Really, well for Pete. He was in a child-band that did the clubs.
Your latest track is 'Low Fat Jesus'. Can you share with us the background of its creation and did any unusual things happen during its creation?
Most of our songs have a story. A troubled journey from the initial idea, through rejection and disagreement through to redemption and release. Low Fat Jesus is that rarity. We had an idea. We all agreed on it. We made it very quickly. In just a day or two I think. It was simple and natural. It is probably the easiest song to write and record we’ve ever done, partly because it speaks to genres and styles we all love very deeply.
What’s your most embarrassing moment?
I don’t think there are any. Truly. To be embarrassed you need to care how you are perceived. I don’t think we really do that much. That sounds arrogant, and maybe it is, but we do something stupid or wrong, well, we just move on!
Is the artistic life lonely? What do you do to counteract it?
Yes and no.
No. We are a band. A unit. A hive-mind. Every step and every detail is something we build together. As individuals we would not be 9 o’clock Nasty. None of us alone could do what we do. Writing music is an intensely social experience. The humour and the rough edges are what makes the project what it is.
Yes. The days of belonging to a local scene where you live and breathe the work of a host of local bands that you see all the time are gone. We try to replace that with friendships with other bands we’ve met online and that is a wonderful thing, but that creative exchange of belonging to a community that sits in the same chairs and smells the same smells has largely gone from the indie scene.
What is your dream project?
That changes from month to month. Right now, working with a Techno producer to release a song has become a dream, a nightmare, an obsession. We met Mark Wise of @markwisetechno online and followed his work. He is exploring something he calls Heavy Metal Techno that has an uncompromising edge - it reminds us of a lot of the hard-driven electronic music we were into back in the day. Cabaret Voltaire and the like. But he somehow makes it approachable and open to a new audience. Working with him to remix Low Fat Jesus has been fun and educational.
Now that we’ve established a sound, a reputation, we have the freedom and the confidence to risk collaborations and that is probably the most interesting and exciting projects open to us. The more different and challenging the better.
We’ve written a song that needs a powerful gospel inspired singer. That will be interesting. If you’re interested and you’ve got the voice for it, get in touch.
What advice would you have for someone wanting to follow in your footsteps?

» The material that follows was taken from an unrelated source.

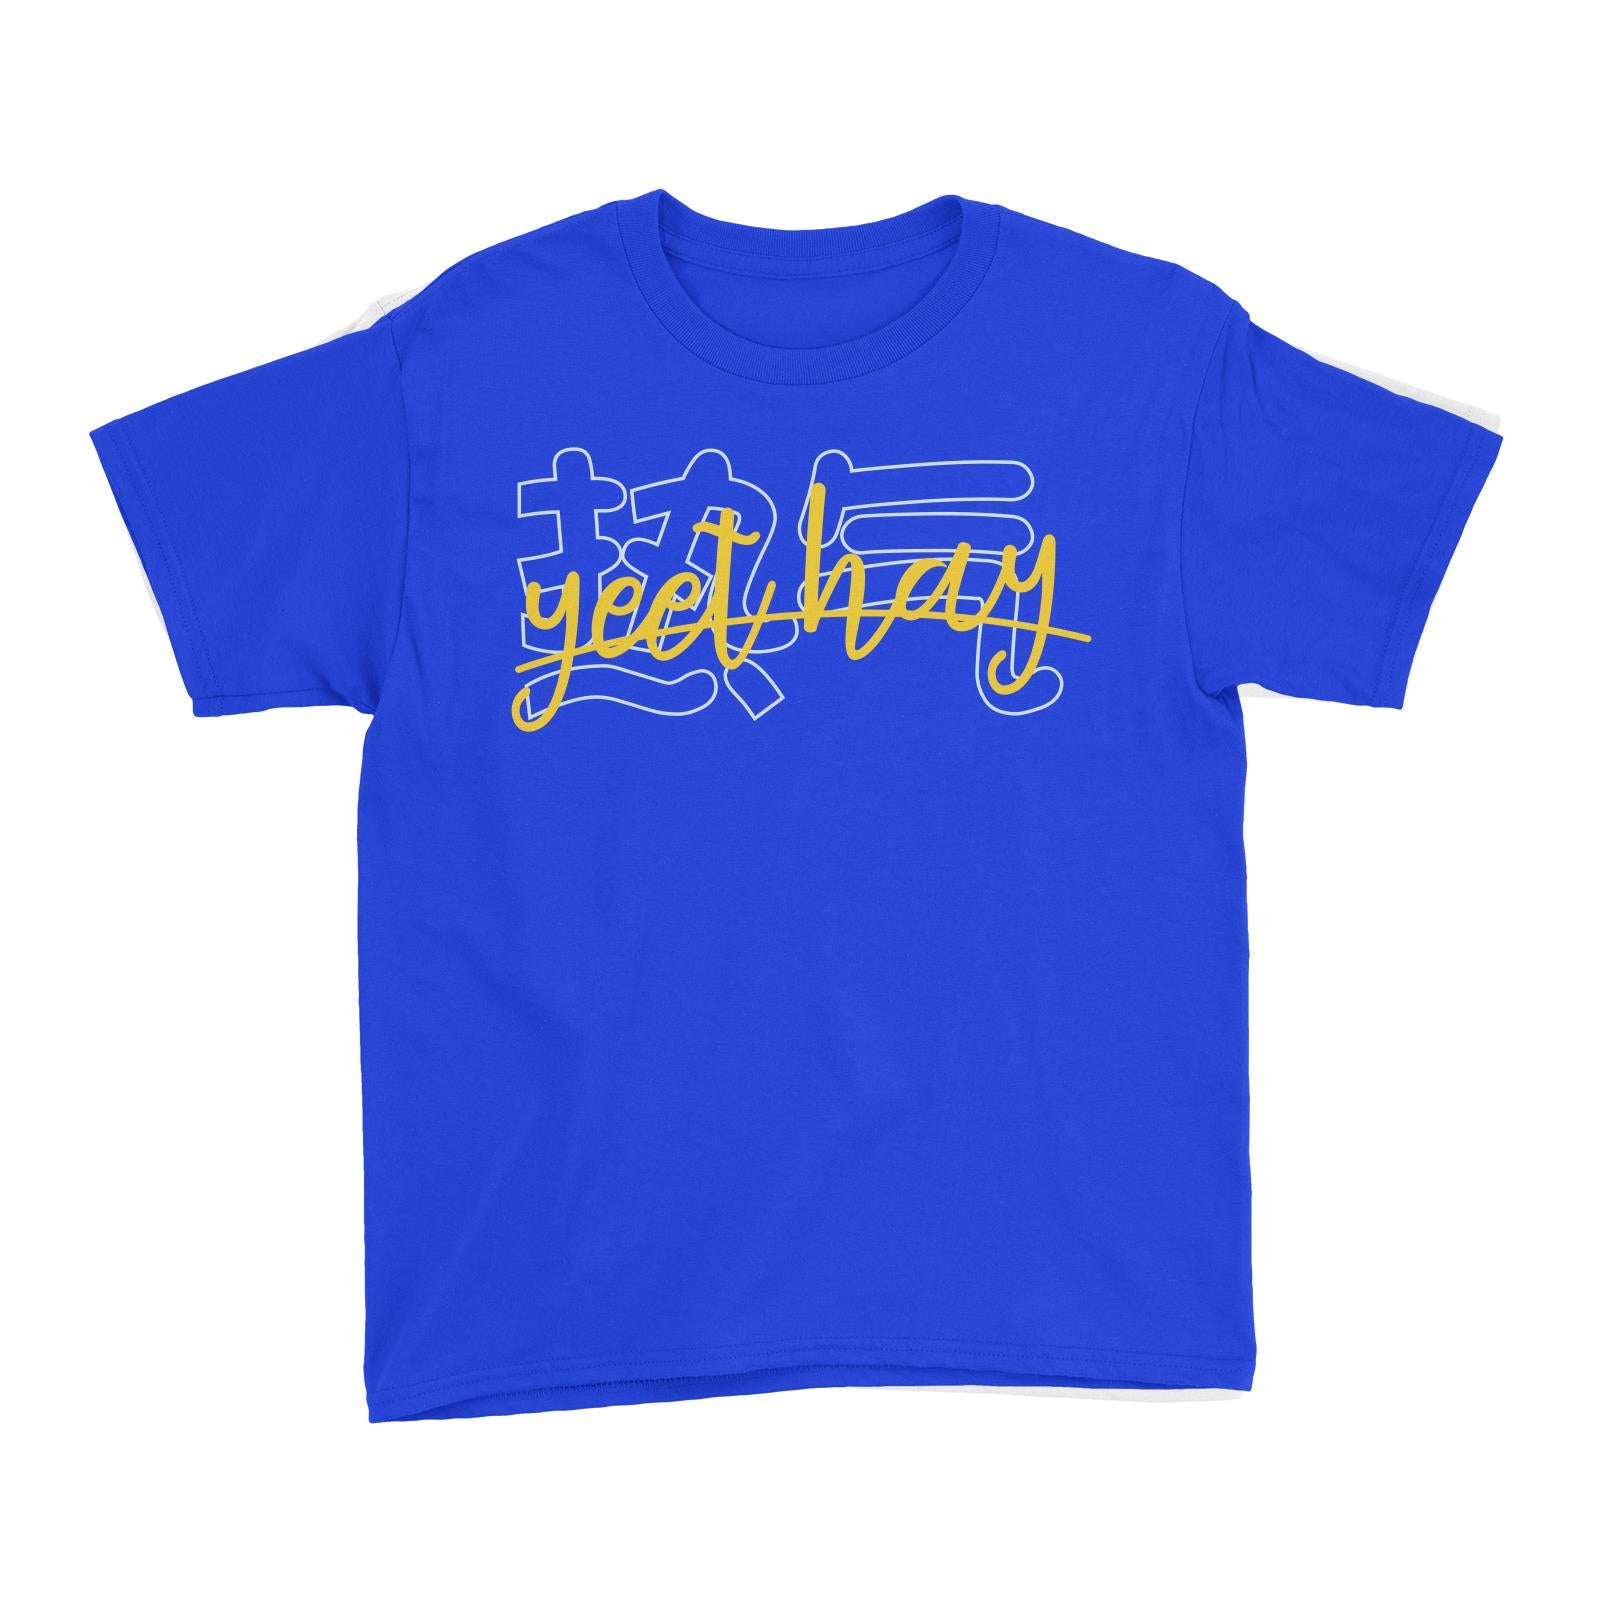 Slang Statement Yeet Hay Kid's T-Shirt

Don’t. We made a million mistakes that made us. Make your own. Take your own path. Just start, the rest will work out as you go. If you wait until you’re ready it will be too late.
When were you generally fulfilled in your position as an artist?
Every release feels a bit like that. The hardest thing about working the way we do, apart from the late nights and terrible diet, is the strange timeline we work to. This month we’re excited to release a couple of songs, but the day you release a song, all your attention moves to the next one. It is always the next thing. Or the one after that.
Hyperbole aside, I think our April release which is called “The Gastronaut” is by far the absolute best thing we have written and recorded. In every way. It’s an instant hit, an earworm you sing all day, but it is also musically incredibly rich and very clever. But we’re already working on the release to follow it which is our first out and out radio-friendly pop single. Something so sweet it will make your teeth fall out. Well, it may have a few hidden layers that are deeply subversive. But it’s a banger. It’s endless.
So probably the reason we do what we do with the intensity we bring, is because we never feel fulfilled - we’re always reaching.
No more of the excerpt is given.